As described above, the vehicle side pattern corrected to the standard time interval and edited on the compression pattern memory 11 is compared with the vehicle type file stored in advance in the vehicle type file memory 12, and the vehicle type of the passing vehicle is determined. You. The vehicle type data determined here is output via the output circuit 8.

In addition, the above photoelectric switches (PC1-1 to PC1-n, PC2-1 to PC2-
It is possible to determine forward / reverse from the rising or falling order of n), and the output circuit 8 outputs forward / reverse determination information simultaneously with the above-mentioned vehicle type output.

[Effects of the Invention] As described above in detail, according to the vehicle type identification device of the present invention,
A pair of first and second detectors each having a plurality of photoelectric switches arranged in a vertical direction are arranged at a predetermined distance in a vehicle traveling direction on a passage, and these photoelectric switches are time-divided. The switching operation pattern accompanying the passing of the vehicle obtained by scanning is stored in time series for each detector, and this pattern is corrected according to the passing speed of the vehicle, time-compressed, and a standard pattern for each vehicle type which is measured and set in advance. The configuration is such that the type of the passing vehicle is determined by comparing with the comparison, so that the photoelectric switch group arranged in the vertical direction is close to the vehicle traveling direction without arranging the photoelectric switch group in a wide area in the traveling direction of the vehicle. Thus, the vehicle type can be determined simply by arranging two sets side by side, thereby making it possible to reduce the size of the entire apparatus and to save the installation space, and to achieve an economically advantageous configuration.

[Brief description of the drawings]

FIG. 1 is a block diagram showing the configuration of an apparatus according to an embodiment of the present invention, FIG. 2 is a time chart for explaining the operation of the above embodiment, and FIG. FIG. 1,2 ... vehicle detector, 1a, 2a ... light emitting part, 1b, 2b ... light receiving part, PC1-1 ~ PC1-n, PC2-1 ~ PC2-n ... photoelectric switch, 3,4
… Scanning circuit, 5… clock circuit, 6… microprocessor (CPU), 7… input circuit (I / O), 8… output circuit, 9,10… input pattern memory, 11… compression Pattern memory, 12… Model file memory, 13… Bus.
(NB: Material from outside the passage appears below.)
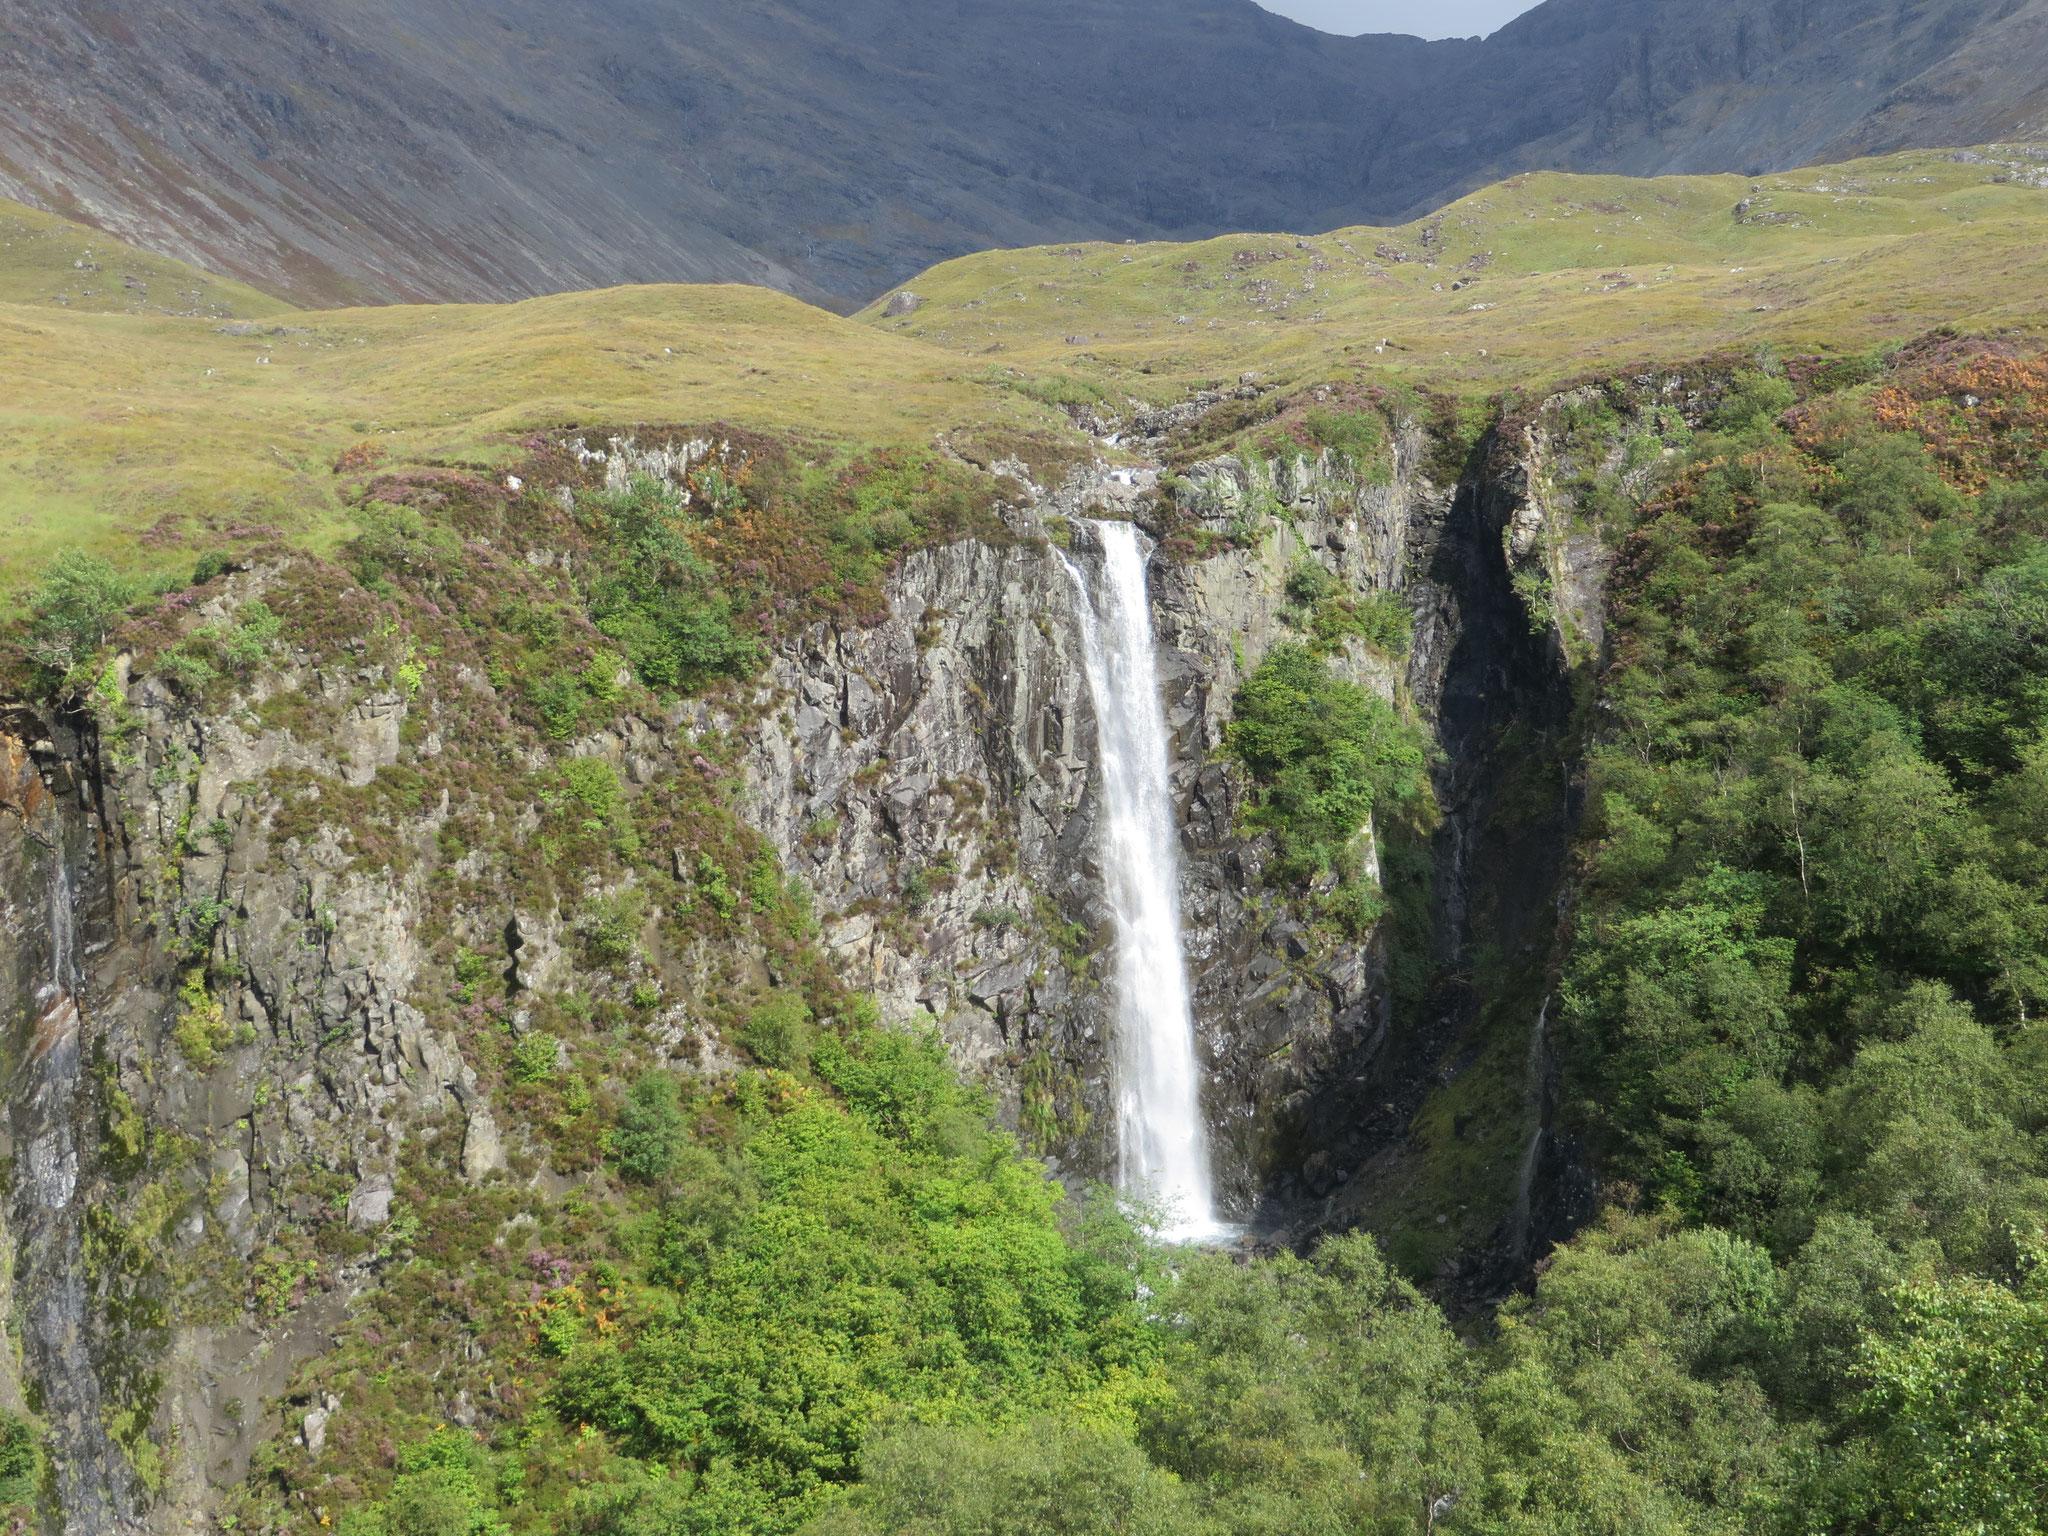 Menschenleer: Eas Mor - der höchste Wasserfall auf der Skye

 ──────────────────────────────────────────────────続 き Continuation of the front page (56) References JP-A-52-24552 (JP, A) JP-A-53-23651 (JP, A) JP-B-60-29160 (JP, B2)

Claims (1)

(57) [Claims] A pair of first and second detectors each having a plurality of photoelectric switches arranged in a vertical direction, wherein each of the first and second detectors is separated by a predetermined distance in a vehicle traveling direction on a passage. A vehicle detection mechanism, scanning means for performing time-division scanning of photoelectric switches provided on the first and second detectors, and a vehicle detection mechanism provided on the first and second detectors. First and second input pattern memories for storing a switching operation pattern accompanying the vehicle passage of the photoelectric switch in time series for each of the detectors, and an average vehicle passage based on the patterns stored in the input pattern memory. Means for calculating the speed, means for correcting the pattern stored in the pattern memory according to the calculated passing speed and time compressing, a vehicle type file for storing a standard pattern for each vehicle type measured and set in advance,
Means for comparing and comparing the time-compressed pattern with a standard pattern of the vehicle type file to determine the type of passing vehicle.